Alation can synchronize metadata about the files in your S3 buckets into the Alation catalog. Follow this guide to set up automatic syncing. First, you will need to create an instance role or a user account for Alation to access the data in S3 buckets. Then you will configure Alation and specify the files to sync.
Configuration in S3¶
Alation supports the authentication mechanisms as described in the following AWS article. You can use an IAM user or an IAM instance role to authenticate. In the S3 file system Settings, if you leave both the Username and Password fields blank, Alation will attempt to use an IAM instance role to authenticate.
From version 2021.3, you can use the Alation AuthService to authenticate with AWS IAM. See Configure MDE with AWS IAM Authentication.
If using an IAM instance role:
Create an IAM instance role for access to the AWS resources you wish to catalog in Alation. See add-role-to-instance-profile.
If using an IAM user:
Create an IAM user with an Access ID and Secret Key for Alation. You can refer to the following AWS S3 documentation:
Grant the IAM instance role or the IAM user the following permissions:
ListBucket on all buckets you want to be synced into Alation
Why does Alation need ListAllMyBuckets permission?¶
ListAllMyBuckets is a permission that allows a user to see the list of buckets that exist. It does not mean that the user can read inside the buckets. Alation needs this permission to iterate through the list of buckets and sync the data in each bucket. S3 allows only two options, permission to list all the buckets in the account or no permission to list buckets in the account. There is no way to allow listing some buckets and not others. If you don’t want Alation to sync some buckets then you still need to give it ListAllMyBuckets but you can revoke the ListBucket permission for those buckets you want to restrict. The sync job will try to get the data in those buckets but move on when it gets permission denied.
Configuration In Alation¶
Only do this after the Configuration In S3 is done.
Add a new file system through the Sources > Add a File System page.
Choose the type as S3.
Alation will take you to the Settings page for your new file system when you save.
If using an IAM instance role, leave the Access ID and Secret Key fields blank and click Save.
If using an IAM user for authentication, enter the AWS Access Key ID and the AWS Access Key Secret and click Save.
From version 2021.3: if using the AuthService for authentication, see additionally: AWS S3 File System Source.
Optionally, add a list of path prefixes to sync. If you do not specify any, then all will be synchronized. When this list is populated, only files that match one of the prefixes will be extracted. Prefixes should start with a delimiter. Add the bucket name as the first part of the path, for example: /directory/folder_to_be_extracted.

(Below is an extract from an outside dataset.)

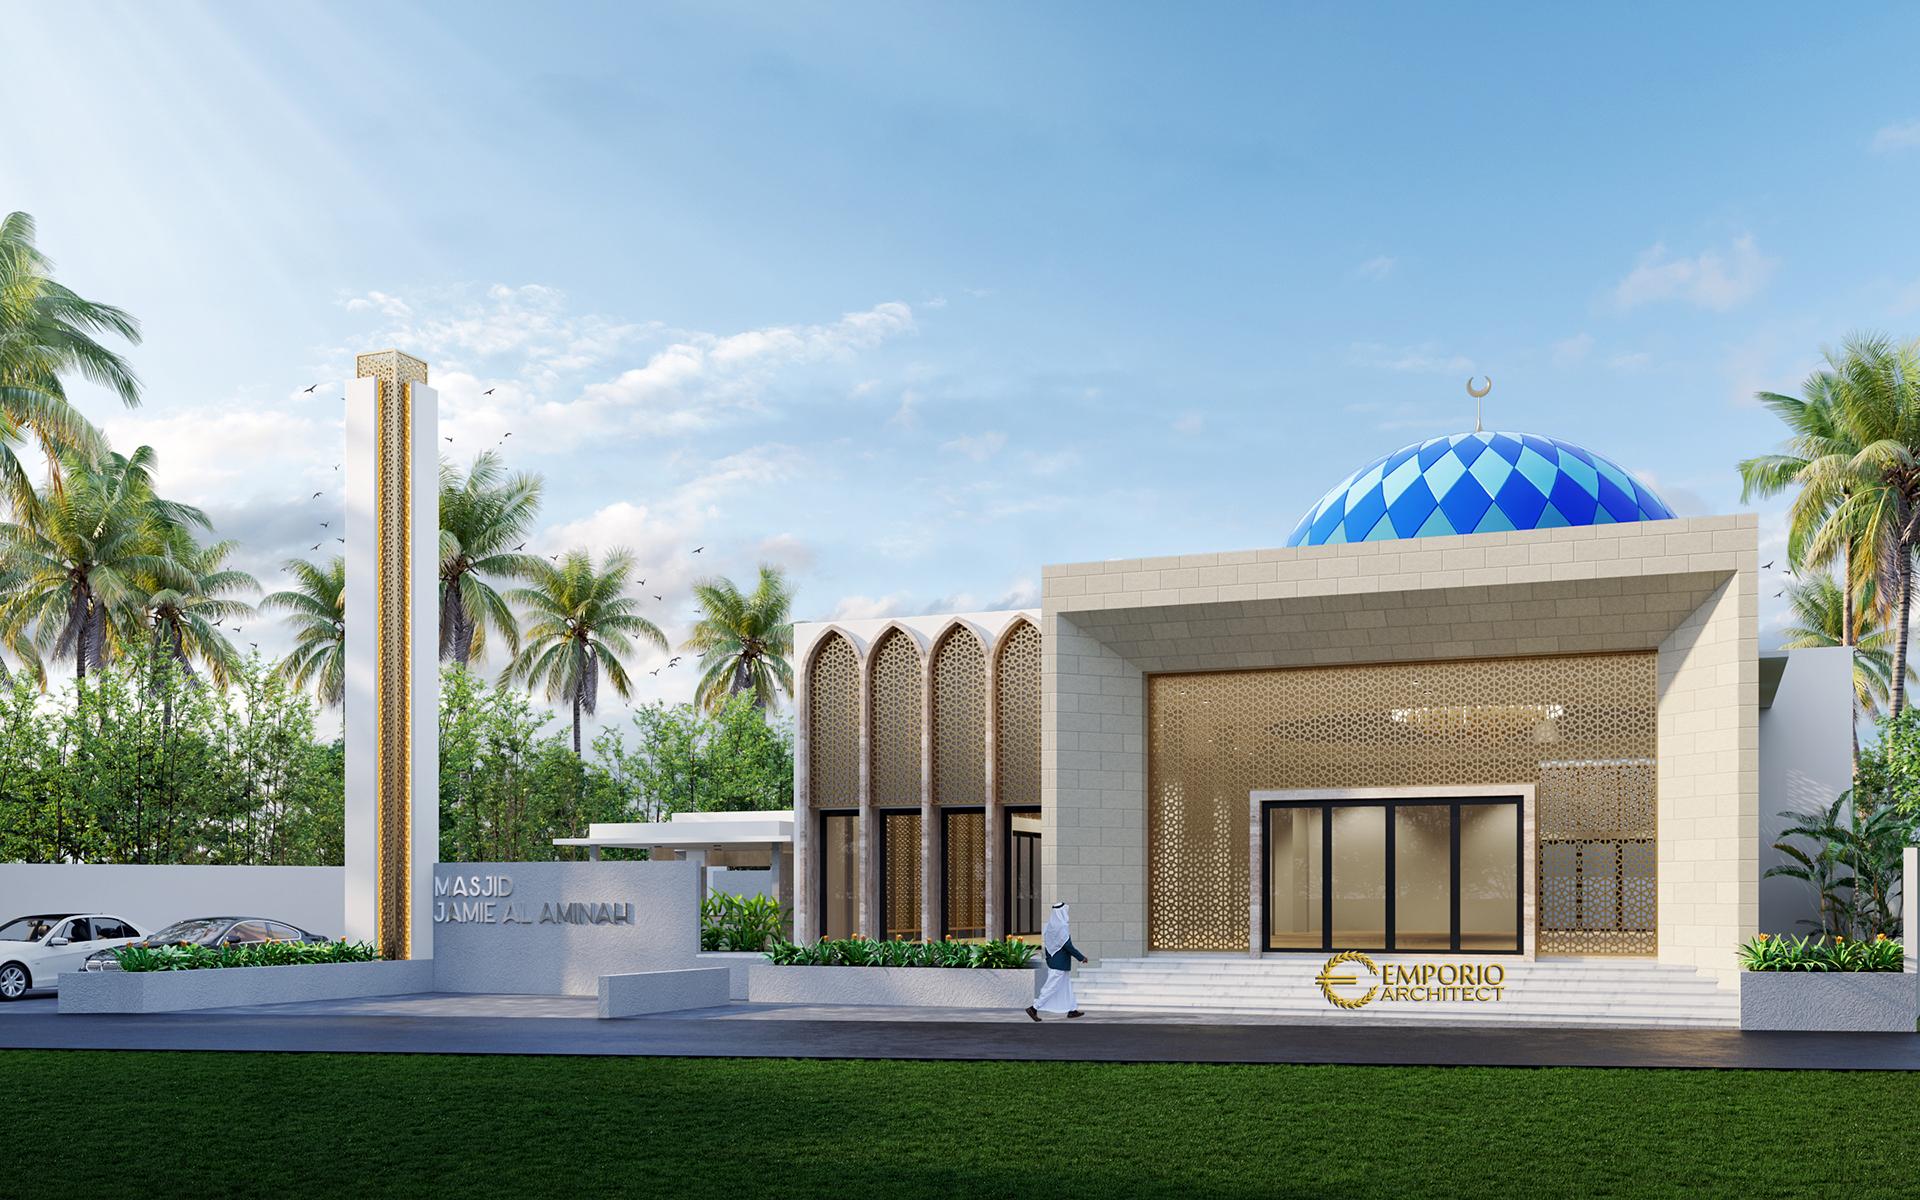 17 Desain  Kamar Mandi Masjid  Untuk Mempercantik Ruangan

It may be useful to limit the sync to a small section of your system the first time you sync in order to test the configuration and confirm it is working.
On the Metadata Extraction tab of the Settings, click Run Extraction. Wait for a few seconds. You should see a status update at the bottom of the page showing the extraction running. It may take some time.
The job fails and shows an error message in the UI¶
If the extraction failed with an error, read the message and try to match it to a category described below.
Check your credentials, try re-entering them or logging in through a different system.
If it is a permission error, the grants may not are done correctly. Confirm the steps 1 and 2 under Configuration in S3 are done. Sometimes, grants are different depending on which IP address the request is coming from.
Confirm the Alation server has access to the internet so it can reach Amazon servers.
The job works but no files were synced¶
Confirm that the IAM user has permission to ListBucket for some buckets. Alation will skip over buckets that it doesn’t have permission to read without failing the syncing job so it’s possible that Alation can see the list of bucket names but could not read inside any of them.
Check your path prefix filters. Remember the bucket name must be the first part of the prefix. So if you have a bucket called logs and a file in that bucket called app.log if you only want to get that file you would add /logs/app.log as the path prefix.
I changed the filters and my old files are gone¶
This is the expected behavior. Only files that match your filters will show up in the catalog. If you don’t want to disturb your existing data you can add new filters and don’t change old ones. Your annotations to the old files will come back if you change the filters back and re-sync.